Jensen Huang and Bill McDermott Bet on OpenShell to Secure Enterprise AI Agents

Enterprises are confronting a fundamental mismatch between legacy software stacks—built for human interaction—and the relentless speed of autonomous AI agents. Nvidia’s OpenShell rewrites the bottom layer of that stack, placing each agent in an isolated sandbox and delegating credential management to a hardened gateway. By leveraging Linux kernel primitives such as seccomp, eBPF, and Landlock, OpenShell enforces policies below the application tier, preventing credential leakage and containing malicious behavior before it reaches critical infrastructure.

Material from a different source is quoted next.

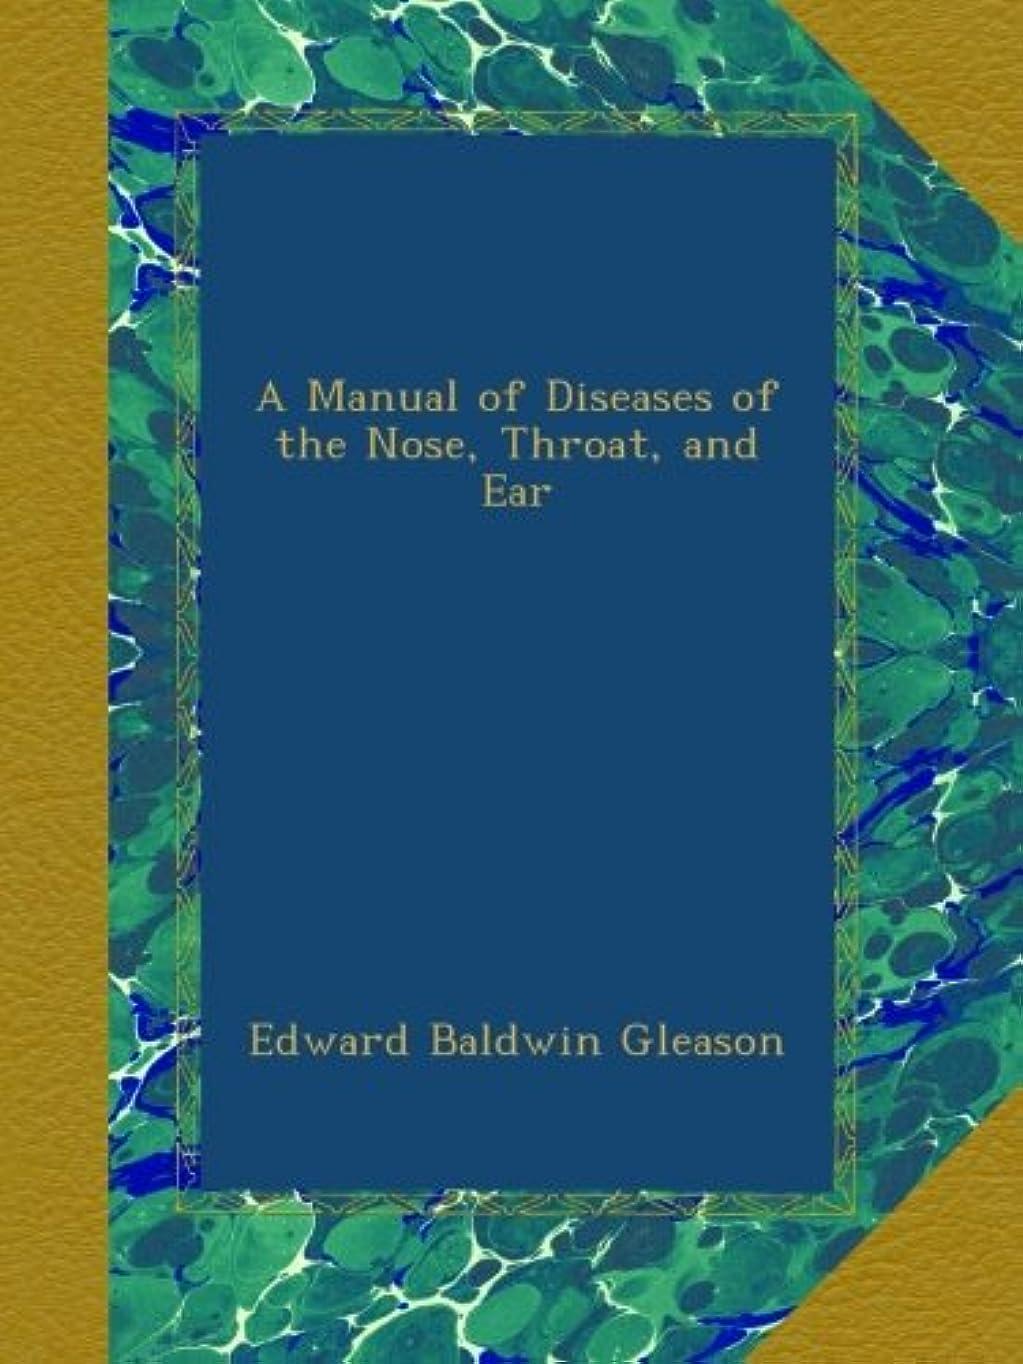 司法教義アカウントA Manual of Diseases of the Nose, Throat, and Ear

The partnership with ServiceNow amplifies OpenShell’s relevance. ServiceNow’s Project Arc will run on the runtime, delivering a secure, autonomous desktop assistant for developers, IT staff, and administrators. Integrated with ServiceNow’s Action Fabric and AI Control Tower, the solution offers end‑to‑end governance, auditability, and lifecycle oversight—key requirements for sectors like finance, health care, and government. This collaboration showcases a concrete use case where sandboxed agents can safely interact with enterprise SaaS platforms without exposing keys or bypassing existing security controls.

OpenShell’s open‑source model and contributions from ecosystem players such as LangChain signal a shift toward a shared, agent‑native foundation. By abstracting identity, credential, and policy primitives for non‑human actors, the toolkit promises to accelerate adoption of autonomous agents across regulated industries. As benchmarks like NOWAI‑Bench demonstrate, the performance of models such as Nemotron 3 Super on enterprise workloads is already competitive, making the security guarantees of OpenShell a timely enabler for the next wave of AI‑driven automation.